Effect size statistics are all the rage these days.
But the reason to compute them is not just that someone wants them — they can truly help you understand your data analysis.
What Is an Effect Size Statistic?
“… information about the magnitude and direction of the difference between two groups or the relationship between two variables.”
– Joseph A. Durlak, “How to Select, Calculate, and Interpret Effect Sizes”
If you think about it, many familiar statistics fit this description. Regression coefficients give information about the magnitude and direction of the relationship between two variables. So do correlation coefficients.
So why do we need to report specific effect size statistics?
Simple and Standardized Effect Size Statistics
There are two types of statistics that describe the size of an effect.
The first type is standardized. When most people talk about effect size statistics, this is what they’re talking about.

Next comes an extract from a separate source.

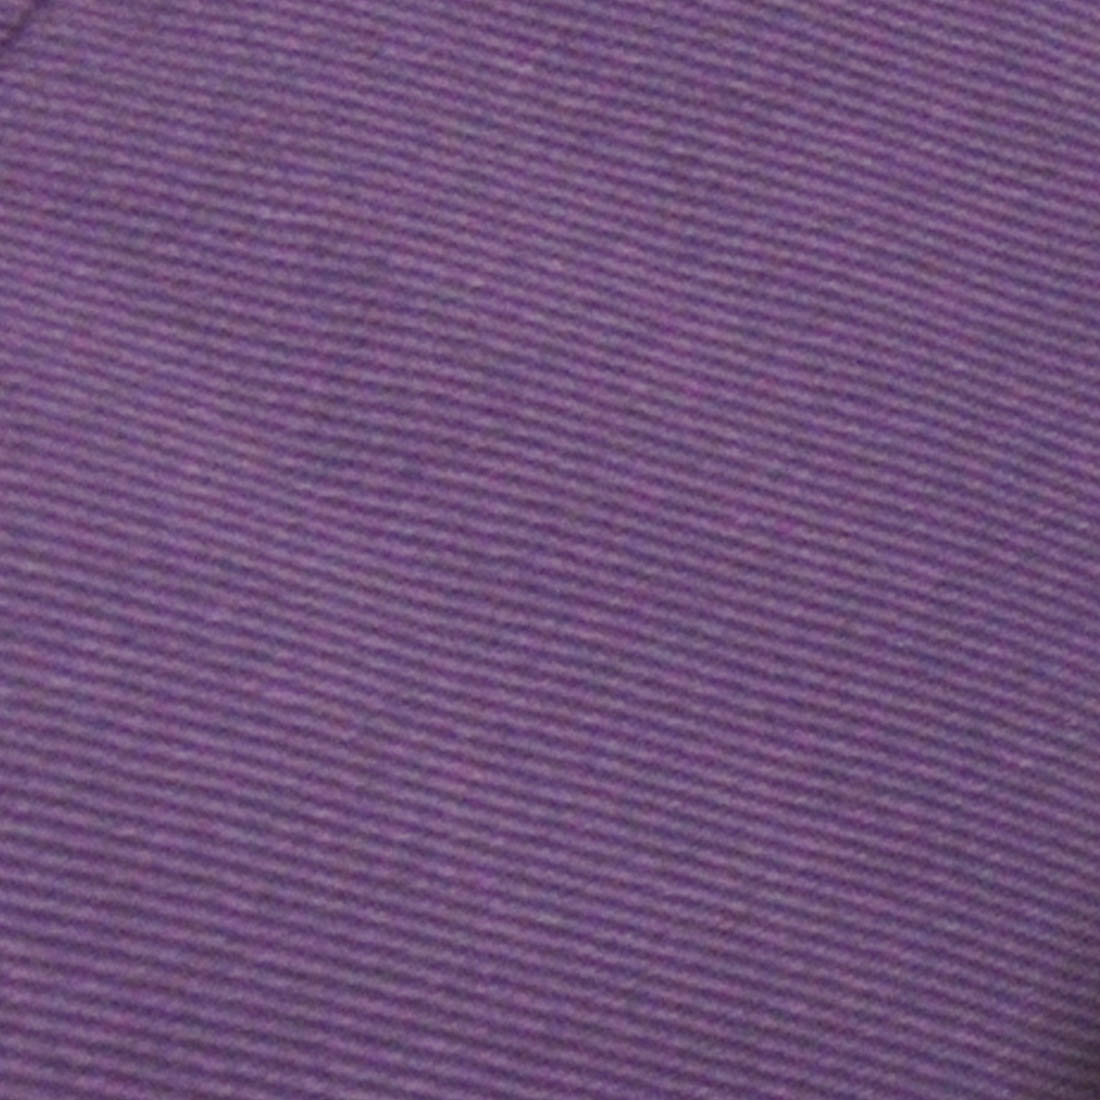 ORKA Denier Fabric 18 X 18 Inch Premium Pouf With Beans - Purple

Standardized effect size statistics remove the units of the variables in the effect.
The second type is simple. These statistics describe the size of the effect, but remain in the original units of the variables.
So for example, say you’re comparing the mean temperature of soil under two different conditions.
The simple effect size would be the difference in the mean temperature:
Mean 1 – Mean 2.
You would interpret that statistic in degrees Celsius. For example: The mean temperature in condition 1 was 2.3 degrees higher than in condition 2.
The standardized effect size statistic would divide that mean difference by the standard deviation:
(Mean 1 – Mean 2)/Standard deviation.
You would interpret that statistic in terms of standard deviations: The mean temperature in condition 1 was 1.4 standard deviations higher than in condition 2.
Advantages and Disadvantages
While many journal editors want standardized effect sizes, they’re not always better that simple effect sizes. They have real advantages in certain situations, though.
1. Standardized effect sizes help you evaluate how big or small an effect is when the units of measurement aren’t intuitive.
Most soil scientists will have a good understanding of whether 2.3 degrees Celsius is a meaningful difference. 2.3 degrees Celsius means something because a degree is intuitive. But that’s not always the case.
Imagine a 2.3-point difference on an anxiety scale that runs from 7 to 49. Is that a meaningful difference? Well, it’s hard to tell because these points aren’t very intuitive. We’d have to have a strong understanding of the distribution of scores to see if 2.3 points was a big move, and we’d have to understand what 2.3 points really tells us about anxiety.
Sometimes standardizing the statistic — putting it into terms of standard deviations — helps remove the meaningless units and allows researchers to evaluate the effects in comparison to the full distribution of scores.
2. Standardized effect sizes can help you compare results across studies.
Many variables are measured on different scales in different studies. Again, this isn’t likely to happen with a variable like temperature, but there are multiple anxiety scales to choose from, each of which is on a different scale. Including standardized effect size statistics can help readers understand trends or differences across studies.
They’re the basis of meta-analysis, which analyzes results from a sample of studies, so reporting these statistics will benefit your colleagues.
3. Standardized effect sizes should be used in sample size calculations with great caution.
Both the smallest meaningful simple effect and a standard deviation are needed to estimate sample size statistics (given a certain alpha and desired power, among other necessary estimates). Some software requires you first to combine these two pieces of information into a standardized effect size statistic to compute the required sample size to achieve the desired power.
While there’s nothing wrong with using standardized effect sizes in these calculations, if you want good estimates, you need to go through the process of obtaining a reasonable standard deviation of your variables and thinking about what a meaningful effect would be.
Yes, this is very difficult, and there isn’t one right answer. But you are the expert in your field, and it is up to you to determine from the literature what a meaningful effect size is.
If you use generic effect size statistics for the basis of your power calculation without thinking about what it means in your study, you’ll just get a generic sample size estimate. That’s not very useful.